Effective Rigidity, Combinatorial Models, and Parameter Spaces for Low-Dimensional Hyperbolic Manifolds

低维双曲流形的有效刚性、组合模型和参数空间

• 批准号: 0505442
• 负责人: Jeffrey Brock
• 金额: --
• 依托单位: Brown University
• 依托单位国家: 美国
• 项目类别: Standard Grant
• 财政年份: 2005
• 资助国家: 美国
• 起止时间: 2005-07-01 至 2009-06-30
• 项目状态: 已结题
• 来源: https://www.nsf.gov/awardsearch/showAward?AWD_ID=0505442&HistoricalAwards=false
• 关键词: Effective; Rigidity; Combinatorial; Models; Parameter

The recent surge of results in the geometry and topology of3-manifolds has provided many new tools for understanding3-manifolds combinatorially and geometrically. In particular, thequestion of how to gain an explicit understanding of the internalgeometry of a closed hyperbolic 3-manifold can be addressed withnew techniques developed by the P.I. together with Dick Canary andYair Minsky that apply to the infinite volume case. Such anunderstanding would be a kind of effective version of Mostow rigidity,wherein one not only knows the uniqueness of the hyperbolic structurebut additionally an explicit decription of its geometry. The P.I., injoint work with Juan Souto, seeks to develop this kind of picture forclosed hyperbolic 3-manifolds admitting a Heegaard splitting,given in terms of the Heegaard surface. Additionally, with HowardMasur and Yair Minsky the P.I. will relate the internal geometry ofhyperbolic 3-manifolds homotopy equivalent to a surface to thegeometry of surfaces along a Weil-Petersson geodesic G inTeichmueller space.A recent trend in the study of geometry and topology is to developcombinatorial models for geometric spaces. This kind of descriptionof a space or shape sacrifices a certain degree of precision in theinterest of capturing more of the large-scale structure, and oftengeneral theorems guarantee that knowing this large-scale structure issufficient to completely determine the space. In a recent result ofthe P.I. with R. Canary and Y. Minsky, such models were used toclassify all `constantly negatively curved,' or `hyperbolic'3-dimensional spaces of infinite volume that are nevertheless tamein a certain sense. This result solved a long-standing conjecture ofWilliam thurston, where in a certain piece of data (akin to a kind ofDNA-sequence for the space) completely determines its structure. Wehave developed a similar setup in the finite-volume case, and hope toprove a similar classification theorem for such spaces. Informationof this large-scale type is more useful than existence results forgeometric structures, in that it gives one a more complete picture ofhow such spaces behave. Such large-scale data arise and describephenomena in many contexts, whether it is the spaces themselves, ortheir parameter spaces. The P.I., together with his collaborators,will continue to develop a complete description of the large-scalegeometry of all hyperbolic 3-dimensional manifolds, as well as forrelated spaces that parameterize them.
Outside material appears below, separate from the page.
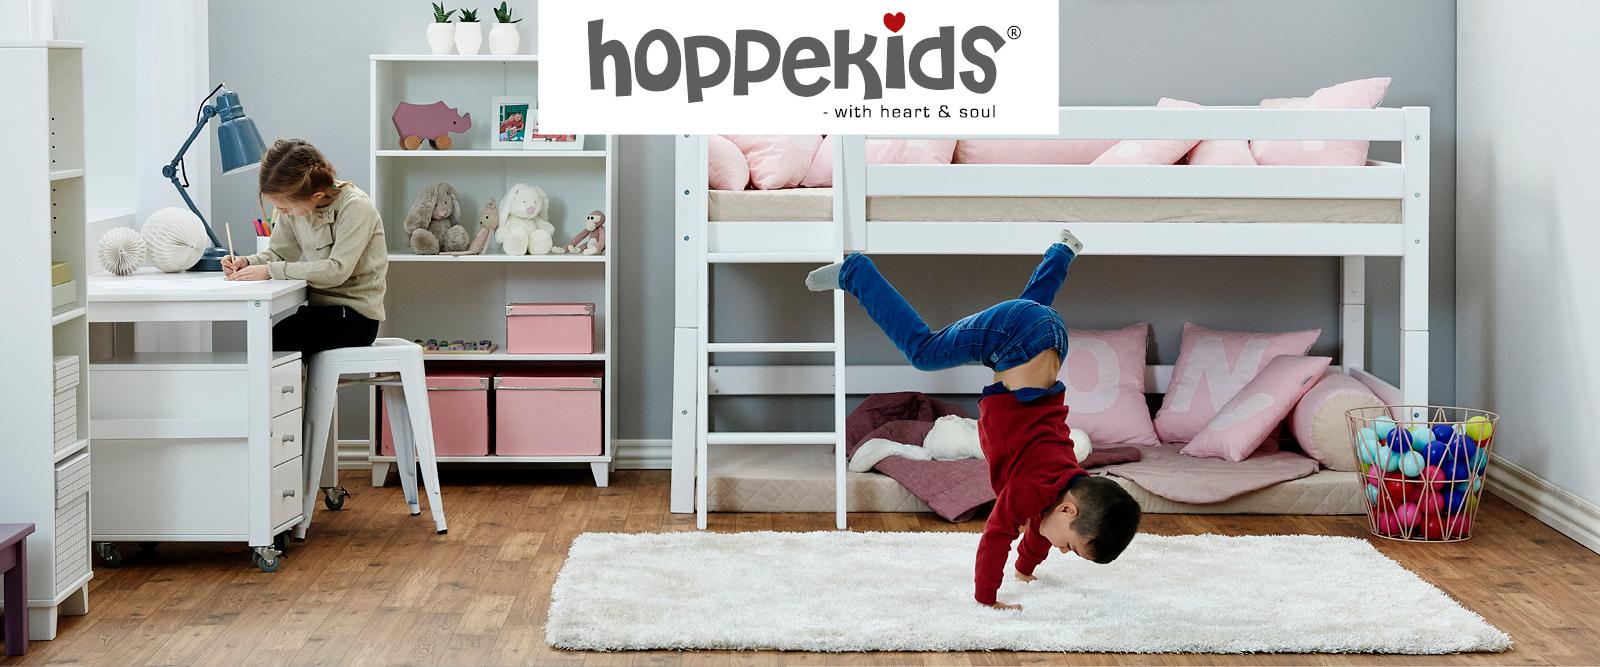 Hoppekids Nettbutikk hos Mimmis.no

3-manifolds的几何形状和拓扑结果的最新结果提供了许多新的工具，可以从几何上和几何上理解3个manifolds。 特别是，如何通过P.I开发的新技术来解决如何获得对封闭双曲线3个manifold的内部几何测定法的明确理解的问题。 与迪克金丝雀Andyair Minsky一起，适用于无限的体积案例。 这样的无障碍将是一种有效的刚性版本，其中不仅知道双曲线结构的独特性，还知道其几何形状的明确降低。 P.I.与胡安·苏托（Juan Souto）一起工作，试图开发这种图像，以heegaard表面给出了heegaard拆分的悬停双曲线3型脉冲。此外，与霍华德马尔和耶尔·明斯基一起将与沿着Weil-Petersson Geodesic G Inteichmueller空间相当于表面的基因几何形状与表面的几何形状相关。 这种描述的空间或形状在捕获更多的大规模结构的问题上牺牲了一定程度的精确度，并且经常是tengeneral定理，确保知道这种大规模的结构足以完全确定空间。 在P.I.的最新结果中使用R.Canary和Y. Minsky，此类模型被用来分类所有“不断弯曲”或“无限量的超纤维” 3维空间，但仍然是某种意义上的tamein。 该结果解决了Wwilliam Thurston的长期猜想，其中在某些数据中（类似于该空间的DNA序列）完全决定了其结构。 Wehave在有限体积的情况下开发了类似的设置，并希望对此类空间进行类似的分类定理。 这种大规模类型的信息比存在结果较大的几何结构更有用，因为它使人们对这种空间的行为的表现更加完整。 出现这样的大规模数据并在许多情况下（无论是空间本身还是标题参数空间）中描述了ephenomena。 P.I.与他的合作者一起将继续对所有双曲线三维流形的大尺度测定法以及对它们进行参数化的相关空间的完整描述。